Euro pares losses but pound still bleak

In other haven assets, bond markets also gave up some ground, pushing the 10-year Treasury yield back above 1.90%. The European yield equivalents staged a swifter recovery as risk sentiment improved a bit. The latter is also evident in FX and stock markets. Although the geopolitical impact on currencies has been relatively less vigorous, euro/dollar responded quickly to the latest encouraging headlines, running from a low of 1.1280 to 1.1366. Probably, the upside surprise in the German Ifo business climate index, which signaled that the EU’s powerhouse will benefit massively from the easing of the coronavirus crisis, provided a helping hand as well.

The yen came under pressure, helping the dollar to rebound near the key support of 114.70, though the 115.00 number remains a key barrier for now.

On the other hand, the pound has yet to show any bullish appetite against the dollar and the yen. Perhaps comments from the BoE policymaker Dave Ramsden supporting only a modest monetary tightening in the coming months canceled any upside moves as rate expectations for a 50 bps eased. Pound/dollar was last seen lower at 1.3547, while pound/yen was more or less steady at 155.88. Euro/pound bounced strongly up to 0.8382, erasing a four-day losing streak.
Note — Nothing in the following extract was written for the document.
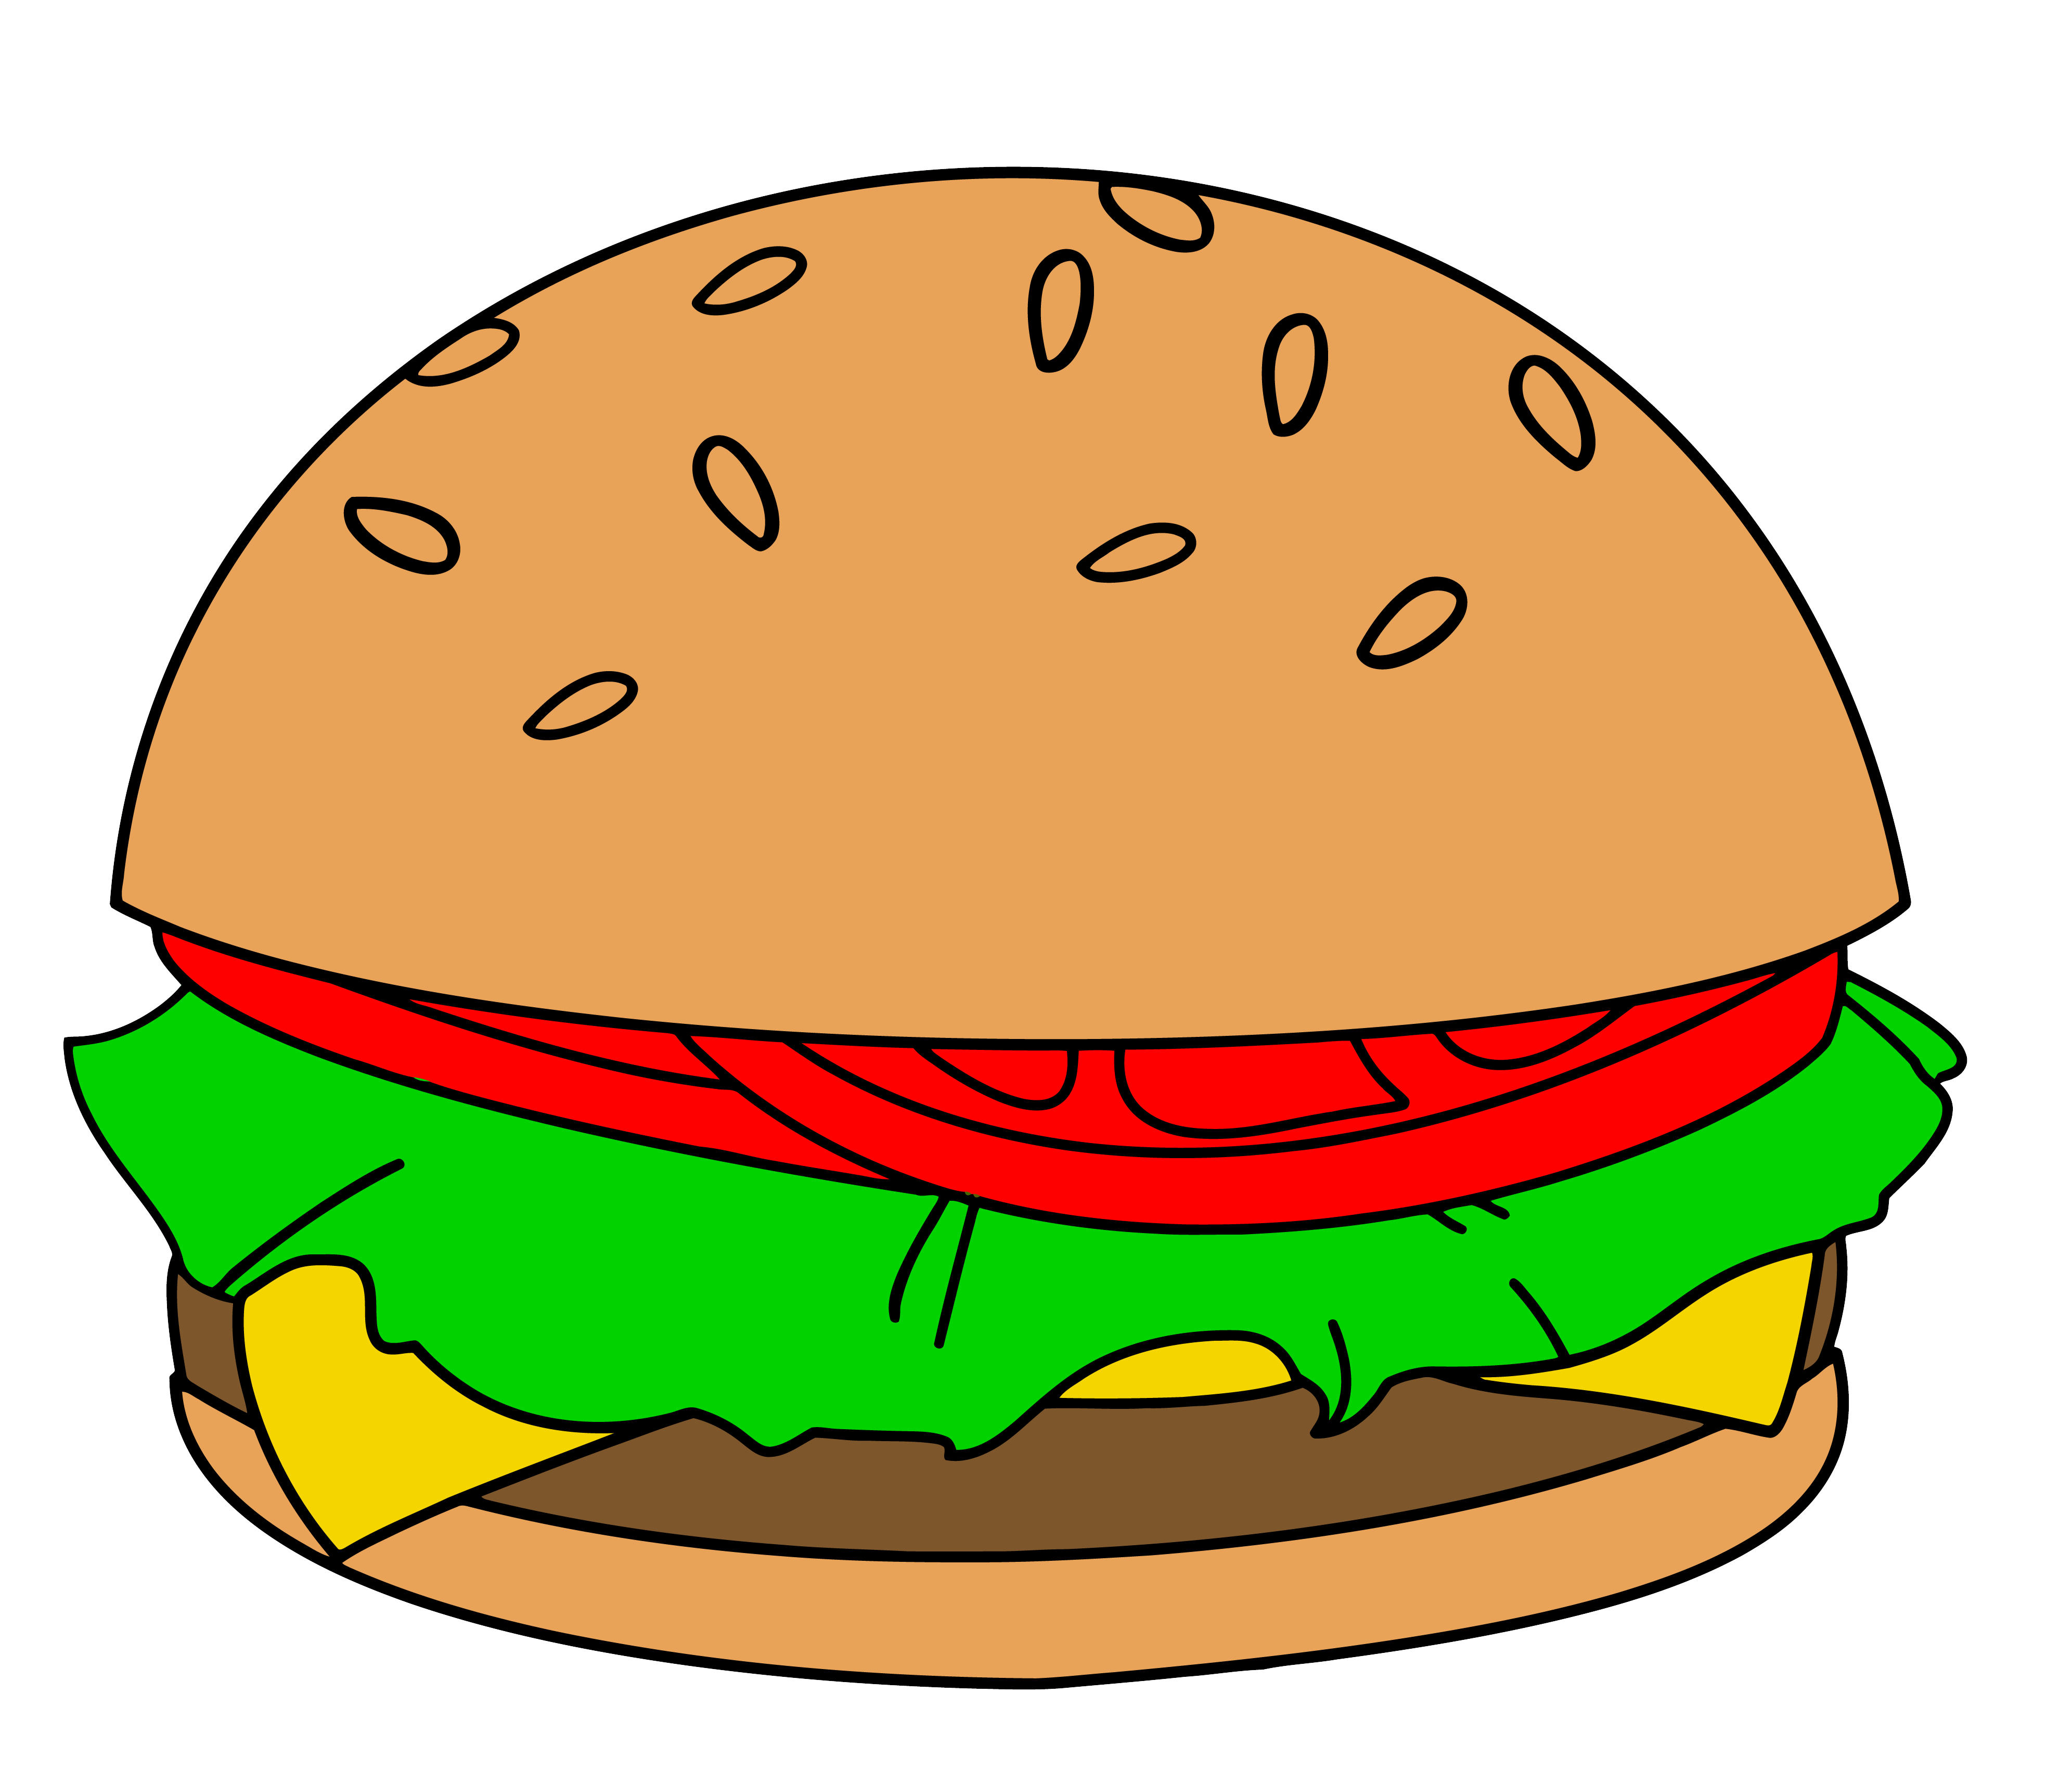 cute cartoon burger

RBNZ to raise rates for the third time

The New Zealand dollar will attract special attention when the Reserve Bank of New Zealand (RBNZ) announces its policy decision during the early Asian trading hours on Wednesday. Investors are fully convinced that the central bank will deliver its third 25 bps rate hike in a row, while there is a 30% chance for a 50 bps rise as well. Hence, unless the RBNZ moves fast with a 50 bps rate hike to mitigate the hot inflationary pressures and/or uses a hawkish tone to brighten the future of the economy, the policy announcement itself could even be a classic selling the fact case for kiwi/dollar, blocking the way above the tough 0.6730 resistance.

Stock sell-off pauses, oil hits fresh highs

In equities, European indices avoided the slump in Asia, recouping earlier losses to turn almost neutral in the day as traders pushed some funds out of safe havens. Energy, real estate and consumer cyclicals shares were the top performers. Futures tracking the S&P 500, the Nasdaq 100 and Dow Jones are currently pointing to a milder negative open as well.

Finally, oil continues to make headlines. The international benchmark Brent crude was close to touch the crucial $100/barrel before sliding to $97.42, while WTI crude extended Monday’s rally to a fresh seven-year high of $94.90, stoking worries that global inflation may keep trending higher. While progress in the Iranian-US nuclear talks could be a headwind to the oil rally, the war factor in Ukraine is threatening another supply shock If materialized.